Avete notato come a sinistra siano pronti e vogliosi per mettere le mani nelle nostre tasche ?
Non parlano di ridurre le spese.
No, loro vogliono impoverire gli Italiani per pagare le loro clientele e le varie lobbies.
Vogliono gonfiare a dismisura il denaro che possa essere manovrato dal pubblico, per colpire la capacità dei privati.
Autentici vampiri di colore rosso acceso.
Ecco che, quindi, quando si parla di abolire l'imu insorgono come un sol uomo la Bindi, Franceschini, Del Rio, Fassina, la Camusso, tutti contrari a restituire i soldi agli Italiani.

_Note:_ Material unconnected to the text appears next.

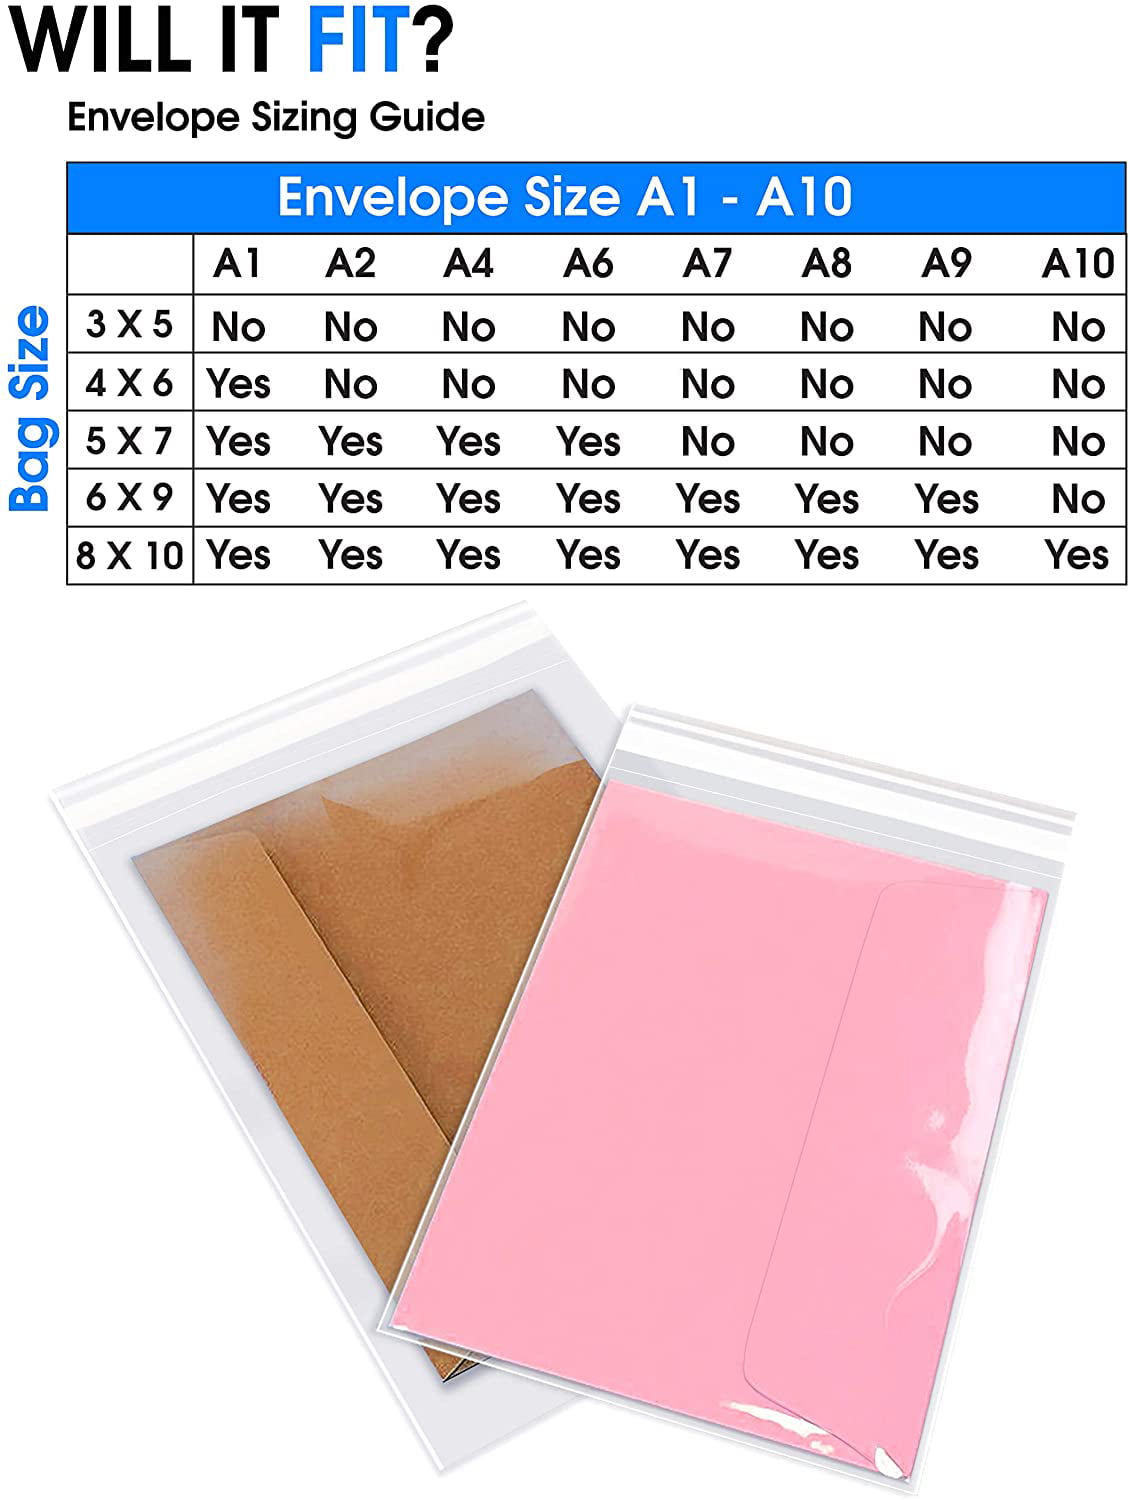 200 Pcs 4 x 6 Thick Clear Resealable Cellopane Self Adhesive Seal Bags Packaging Bakery Cookie Envelopes Photo Cards Gifts Cellophane Poly Bags

In compenso pensano di elargire somme agli immigrati, aumentare le spese per soddisfare i capricci degli omosessuali, dare più denaro agli enti locali per l'effimero dell'estate dove pagano i loro "artisti" funzionali ai loro scopi e, in compenso, pronti a firmare qualsiasi manifesto o usare il palcoscenico per fare propaganda di parte.
Il Centro Destra deve resistere e non deve aver paura di abbattere anche il governo Letta se cercherà di rinviare all'infinito l'unico provvedimento degno di essere assunto: abolire l'imu e restituire il maltolto del 2012.